# Promoted to GM1 TL, inherited a hot mess. Help



## SprooseMoose (Jul 2, 2019)

So, I have been with the company around 8 months. Seasonal > permanent > TL.

My biggest concern is this: i was supposed to be training for 4 weeks for GM1 and GM2 positions, because they weren't sure which way I would be heading, so wanted to cover both. I only got 2 weeks of training and was told I needed to come back to cover the GM1 and GM2 vacations for 2 weeks, then back to training. Okay. Fine. But then I find out the the GM1 resigned, and I have now been handed that position. 

I have inherited quite a mess, and there had been lots of leadership movement at my store. As it stands, I won't be going back out for training. That being said, my training at a different store was essentially a supplemental TM, doing OPU, pulls, truck push, etc. I was a specialty sales TM before, so I already knew all the processes that they tried teaching me. The only new thing was I learned how to receive trucks on the zebra but didn't get any training on how to actually run a truck/truck crew. I raised this as a concern to my trainers and store ETL, but nothing changed.

So, no idea how to set the line, no idea how to make it more efficient. I can't even extrapolate what i saw the other stores truck crew doing and apply it to my store because we have a very very small backroom with a much shorter line and no extra space, especially for all the transition products coming in, where the store I trained at has a backroom literally twice the size of ours. Their soft lines stack out area is probably 3 times the size ours is (it is just tucked back into a tiny corner). If we have all our vehicles on the line for truck, there is no room to walk between the steel and the vehicles, let alone move a vehicle through that area. There is just enough room for all our vehicles to be touching the steel opposite either side of the line, and room enough for the sorters to walk up and down the line on each side.

So now I am running the already inefficient truck at my store, as well as all the P1 DBO's, and trying to fix the back room. On top of all that, extra trucks for BTS/BTC. I am completely out of my depth in this and feel like my development for this position was severely lacking.

This ended up being longer and whinier than planned, but I am frustrated already and haven't even been in the position that long. Maybe I just got spoiled watching an efficient process in a store with more room and am now in the pity party stage. Or maybe my frustrations are valid.

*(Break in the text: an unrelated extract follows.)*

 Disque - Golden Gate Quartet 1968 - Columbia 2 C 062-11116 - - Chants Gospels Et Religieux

Anyone with some knowledge care to chime in?


----------



## GlobalTL123 (Jul 2, 2019)

Are you at my store? Lol 🤣


----------



## Hardlinesmaster (Jul 2, 2019)

Search our threads.


----------



## SprooseMoose (Jul 2, 2019)

GlobalTL123 said:


> Are you at my store? Lol 🤣


Hey, always a possibility.

And I did some searching but mainly just saw a lot of people in the same situation. I'll try to dive deeper when I have some more time.


----------



## GlobalTL123 (Jul 2, 2019)

SprooseMoose said:


> Hey, always a possibility.
> 
> And I did some searching but mainly just saw a lot of people in the same situation. I'll try to dive deeper when I have some more time.


It seems to be successful in gm1 you need to have an stl that isnt afraid to not go by the guide. Planning and scheduling are key too.


----------



## Planosss enraged (Jul 2, 2019)

It gets easier the more you do it, and by that I mean you get used to all the bullshit/short comings and it bothers/stresses you less and less.


----------



## SprooseMoose (Jul 2, 2019)

GlobalTL123 said:


> It seems to be successful in gm1 you need to have an stl that isnt afraid to not go by the guide. Planning and scheduling are key too.

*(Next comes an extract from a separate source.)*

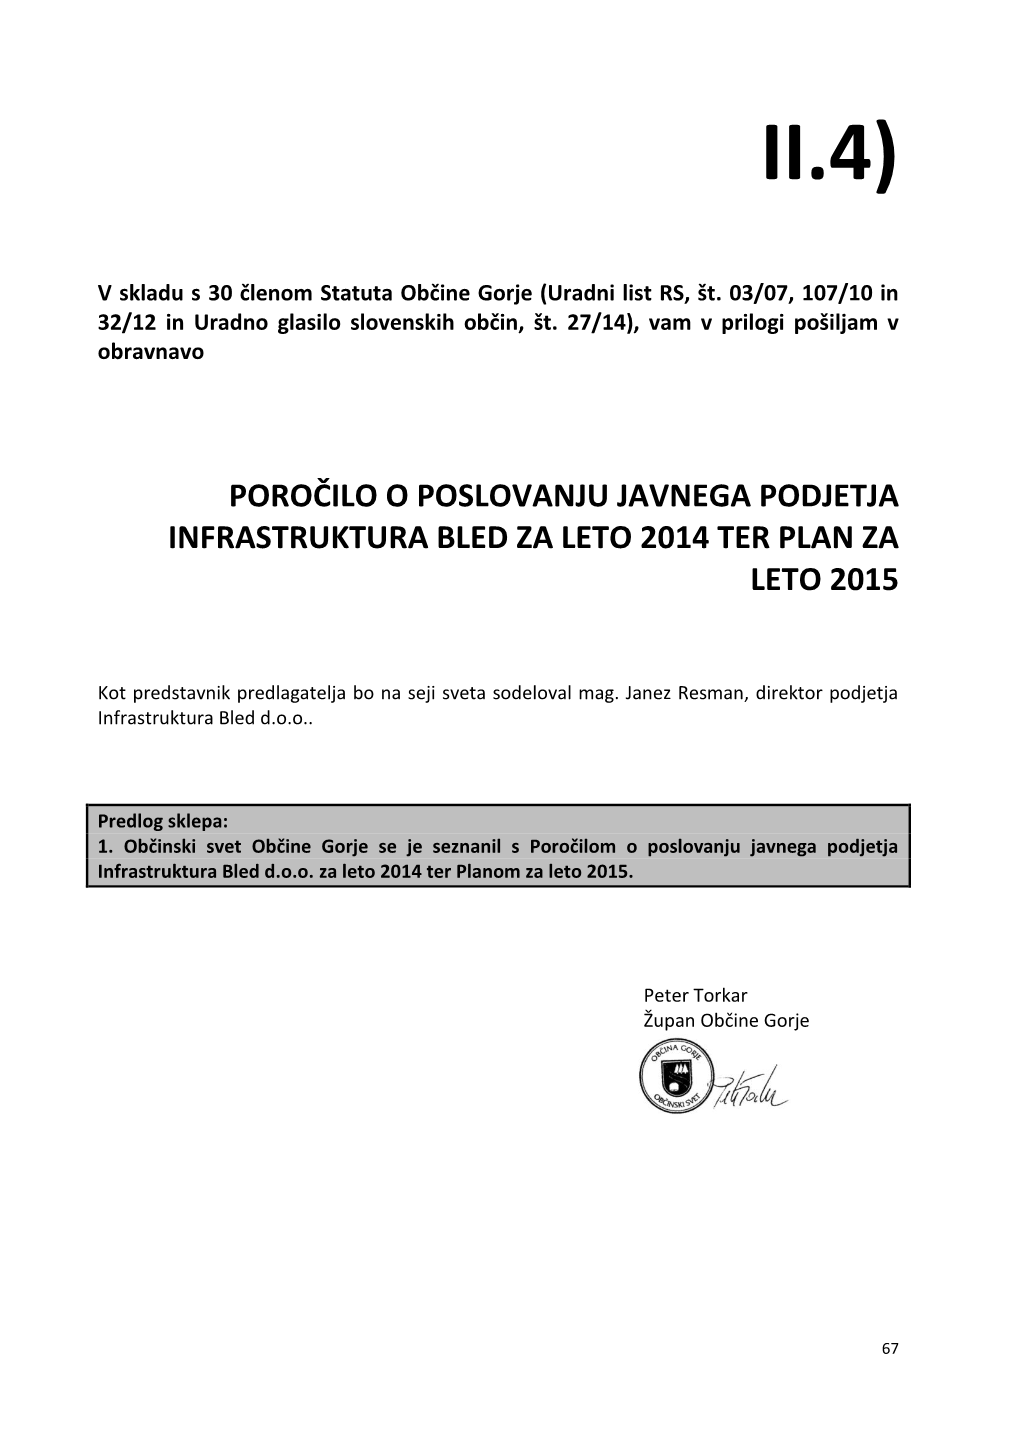 Poročilo O Poslovanju Javnega Podjetja Infrastruktura Bled Za Leto 2014 Ter Plan Za Leto 2015

hmmm. Wouldn't know. Have never had a STL.



Humble TL said:


> It gets easier the more you do it, and by that I mean you get used to all the bullshit/short comings and it bothers/stresses you less and less.


Well. Something to look forward to.


----------



## GlobalTL123 (Jul 2, 2019)

SprooseMoose said:


> hmmm. Wouldn't know. Have never had a STL.
> 
> 
> Well. Something to look forward to.


Oops forgot it is store director.


----------



## The Dude Abides (Jul 2, 2019)

One way to start would be talking with your strongest team members about what could improve on truck. Don't necessarily take their word as gospel, but you will get good suggestions.


----------



## SprooseMoose (Jul 3, 2019)

GlobalTL123 said:


> Oops forgot it is store director.


Same applies, never had a store director either.



The Dude Abides said:


> One way to start would be talking with your strongest team members about what could improve on truck. Don't necessarily take their word as gospel, but you will get good suggestions.


I've already started that to an extent... biggest problems I'm running into so far is trying to fix things that have been broken for so long that it has just become habit to work it broken. I've got a couple people for certain that have never seen it not broken. So, that's a big issue.


----------



## Hardlinesmaster (Jul 3, 2019)

You have an store director or an etl to report to.


----------



## ShortTM (Jul 3, 2019)

SprooseMoose said:


> So, I have been with the company around 8 months. Seasonal > permanent > TL.
> 
> My biggest concern is this: i was supposed to be training for 4 weeks for GM1 and GM2 positions, because they weren't sure which way I would be heading, so wanted to cover both. I only got 2 weeks of training and was told I needed to come back to cover the GM1 and GM2 vacations for 2 weeks, then back to training. Okay. Fine. But then I find out the the GM1 resigned, and I have now been handed that position.
> 
> ...


If you store BTS transition in the steel, your BTS team would greatly appreciate it if you sorted the products by aisle before putting it in the steel. My TL didn't and it was a bitch trying to sort through 7 pallets of boxes looking for items for the aisles we were setting that day. Also, your stationary/office person will start getting very stressed once BTS sets. The area they are in charge of will over double in size but hours will stay the same. Or at least it has for me. We are an early set store


----------



## DialMforMonkey (Jul 3, 2019)

Man I'm jealous. They gave me inbound, p1, and another area.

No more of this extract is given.